_TASK INSTRUCTIONS_: In the records below, find the line with "切ない雰囲気3拍子バラード/ピアノチェロの再生済みの波形" and the line with "fixer-upper-home-checklist-page-0". Print both exactly, along with every line between them, and no other line.

_RECORDED INFORMATION_:
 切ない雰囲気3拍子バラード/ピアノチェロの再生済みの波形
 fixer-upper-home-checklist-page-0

---

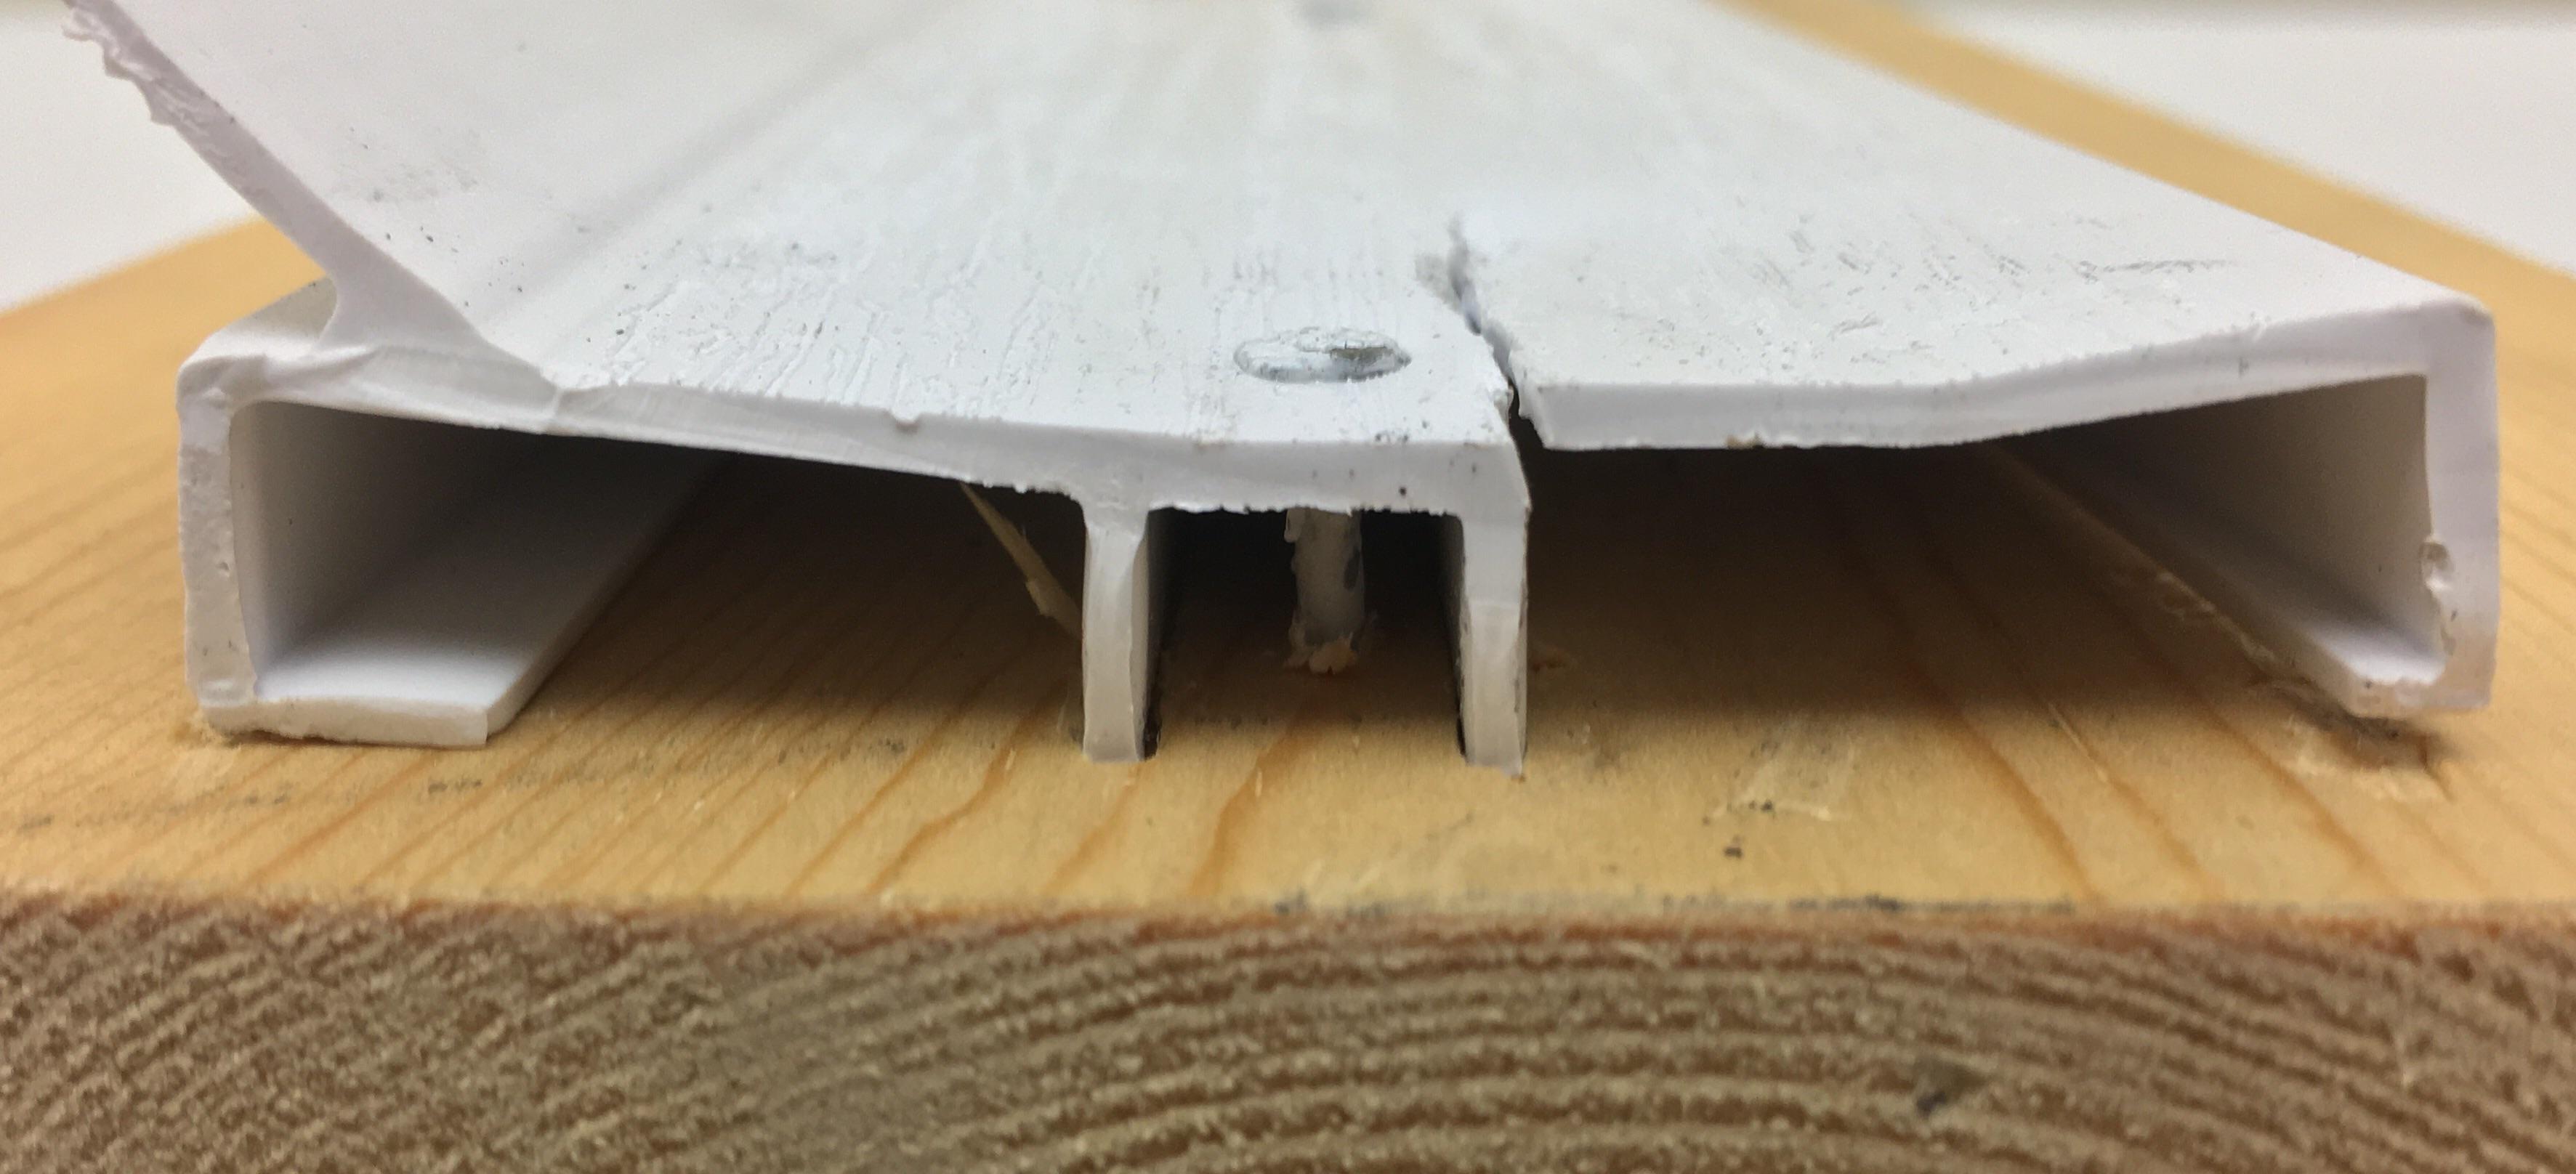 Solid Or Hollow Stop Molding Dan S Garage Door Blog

_EXERCISE ANSWER_:
 切ない雰囲気3拍子バラード/ピアノチェロの再生済みの波形
 fixer-upper-home-checklist-page-0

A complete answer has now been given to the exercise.